Fast Data Platform KillrWeather

This is a port to Fast Data Platform of the well-known demonstration app, KillrWeather. It is the largest of the sample applications. It combines Kafka, Spark Streaming, Akka-based middleware for stream processing, Cassandra, and Zeppelin.

Detailed instructions of how to build, install, and remove applications can be found in the README.

Two Fast Data Platform services are required: Kafka and HDFS. (While Spark is also used, the DC/OS Spark service is not required.) Follow the installation instructions in the Fast Data Platform documentation for installing the platform and these two components.

This app also uses the certified services, Cassandra, InfluxDB, and Grafana.

Note: Deploy all the required services before deploying KillrWeather. At start up, KillrWeather will detect their presence and automatically define tables in Cassandra and InfluxDB, and define a dashboard in Grafana. Zeppelin does not need to be installed in advance.

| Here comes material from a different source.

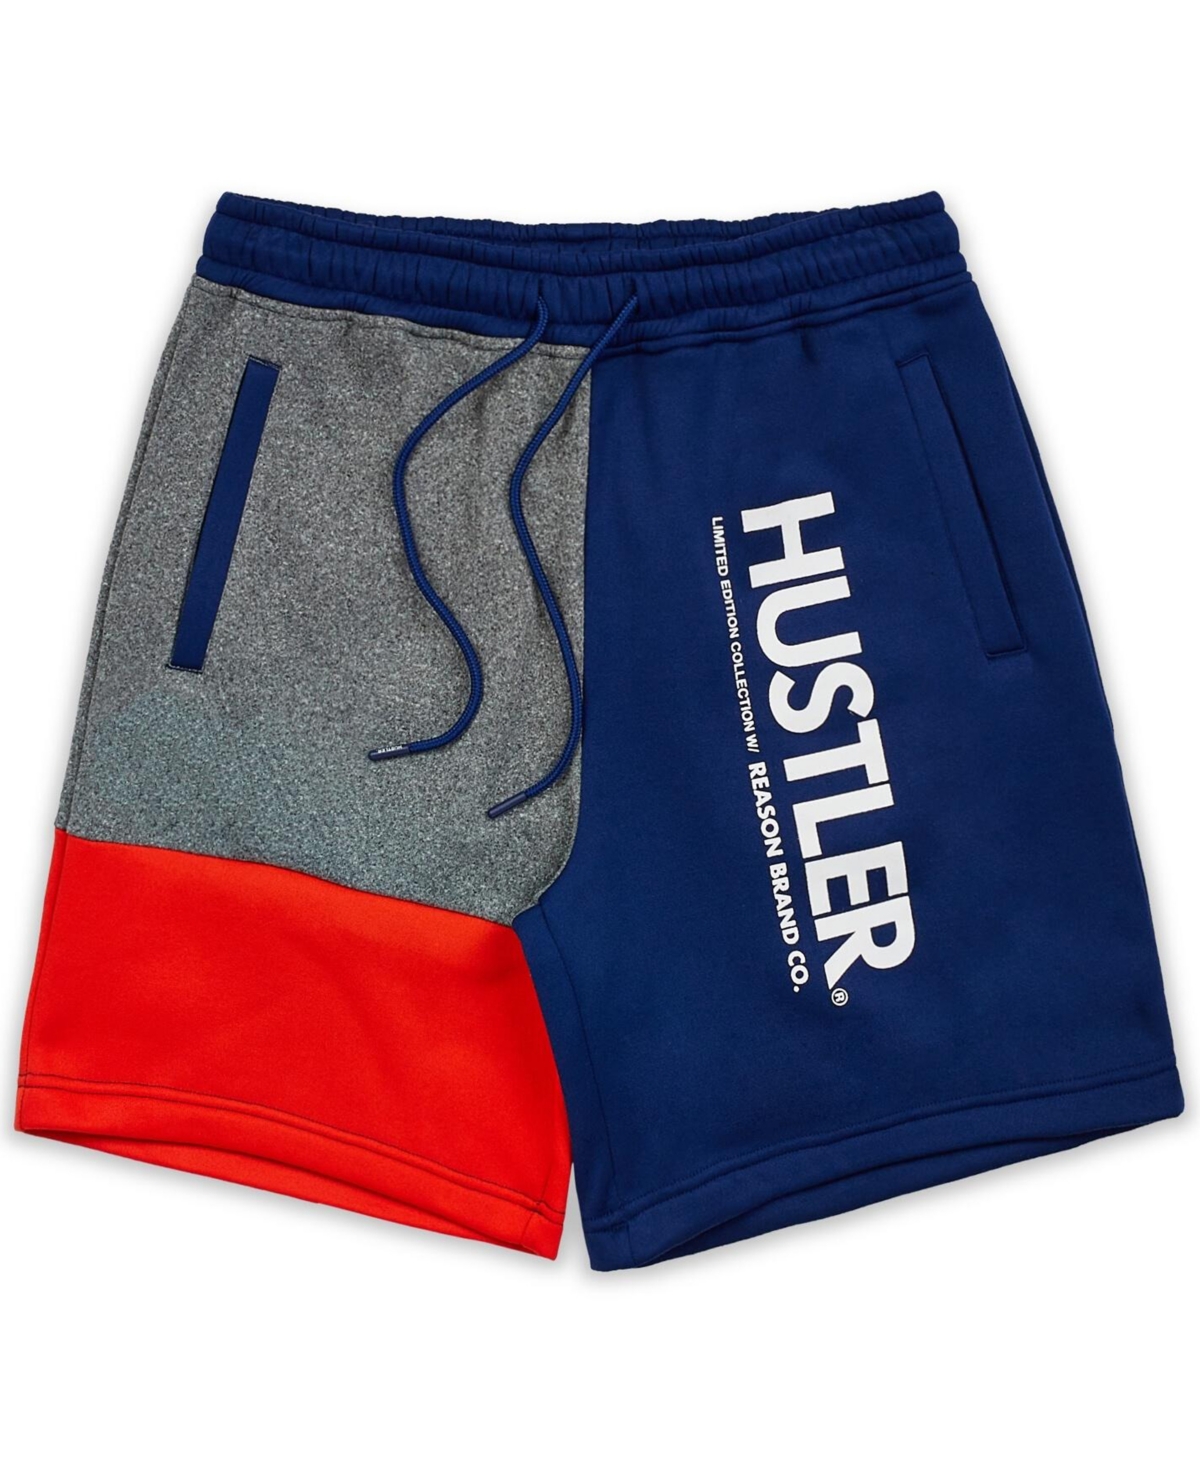 Men's Hustler Color Block Shorts - Multi

There are a few manual steps required for Zeppelin, if you want to use Zeppelin to view the contents of Cassandra tables (optional). The README describes these steps.

The architecture of KillrWeather is shown in the following diagram:

KillrWeather

Historical weather data is fed to a Kafka topic using one of three clients, one that uses the new GRPC protocol, one that uses the Kafka native API, and one that uses REST. From that topic, data is read by Spark Streaming app (both ordinary and structured streaming implementations are available), where statistics over the data are computed. The raw data and the results are written to two places. Output to Cassandra is an example of a longer-term storage option suitable for downstream use. To see the data in Cassandra, instructions are provided for using a Zeppelin notebook configured with Cassandra Query Language support. Writing the output to InfluxDB, a time-series database, supports graphing the raw and processed data in real time using Grafana.